I think Ilia Malinin could do it, the consistent height he gets on his quad axel is crazy and that's without the assist of a toe-pick to vault him in the air. A non-axel quint is only a half revolution more than what he's doing on the quad axel so it doesn't seem that out of reach for him to add a half-revolution to 1 of his quads.

Question: the ISU currently doesn't have a BV for a quint jump. Let's say Ilia or someone else (though he seems the most likely IMO) does throw a quint at an ISU-sanctioned competition how would scoring the jump work? Would they default to the BV of the quad counterpart for the quint or would it be called an invalid element?
 

BlissfulSynergy

Record Breaker
Joined
Sep 1, 2020
Country
Olympics
Then the rest of the field catches up, and in a couple seasons, it becomes a completely common part of someones technical content.
No, to the thread question. Plus, your above statement is overly simplistic and inaccurate. Look at the history of quad jump development. In no way does it take "a couple of seasons" for other skaters to "catch up" to the skater largely credited for the breakthrough. In any case, the one skater credited doesn't deserve all the credit. In the case of quads, numerous pioneering men were responsible for what Kurt Browning is given credit for achieving, and for what Patrick Chan is generally given credit for advancing. Then, of course, Nathan Chen blew multiple quads out of the ice, and the sport's lame-minded honchos finally adjusted quad values and changed the rules to avoid losing control over judging outcomes. LOL!

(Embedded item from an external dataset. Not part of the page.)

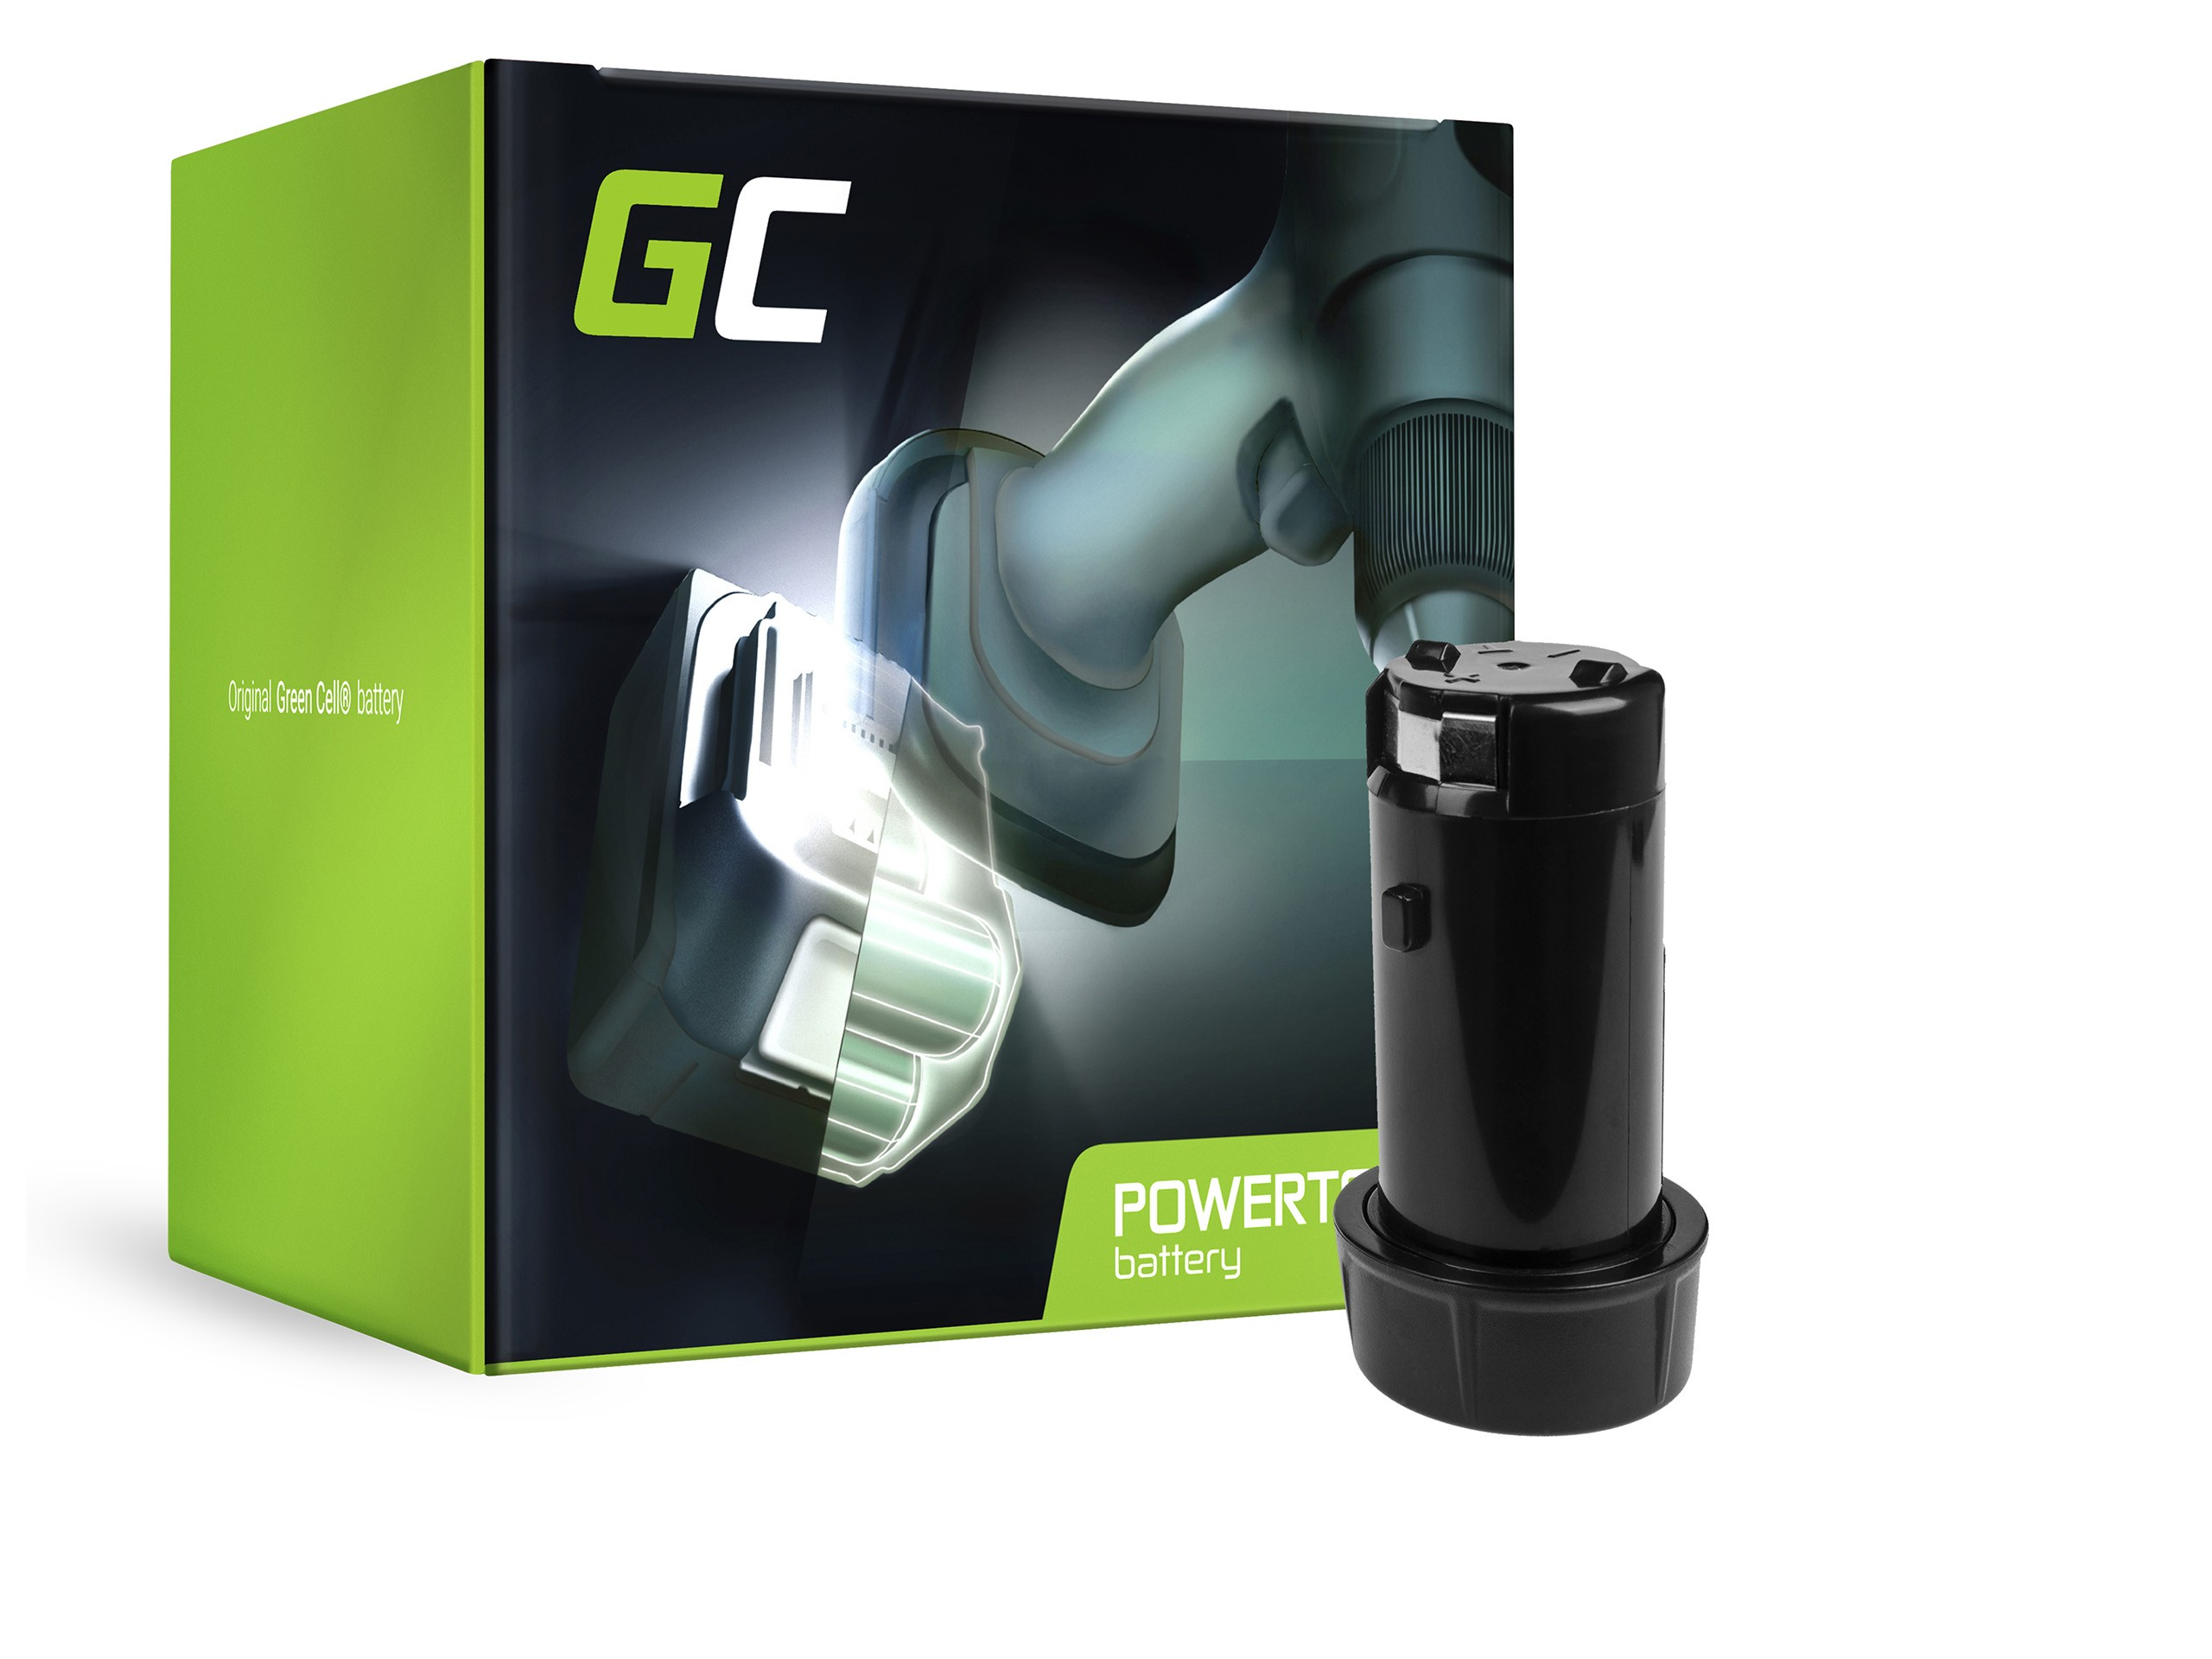 Green Cellverktygsbatteri M4 B2 48-11-0490 48-11-2001 för Milwaukee M4 D-202B M4C M4 2101-20 M4 2101-22 0490-20 0490-22

As well, Ilia Malinin, successfully landed the first quad-axel, but he's been the first to acknowledge that he was inspired by Yuzuru Hanyu, et al. Meanwhile, Hanyu was stoked and pushed by Nathan Chen's amazing feats. In turn, Nathan was inspired by Boyang Jin taking the senior division by storm with his quad-lutz/ triple combo, and so on, and so on...

Even the skaters who advance breakthroughs can regress and go through ups-and-downs! It definitely does NOT take "a couple of seasons" for other skaters to "catch up." It takes a very long time for the entire sport to adjust.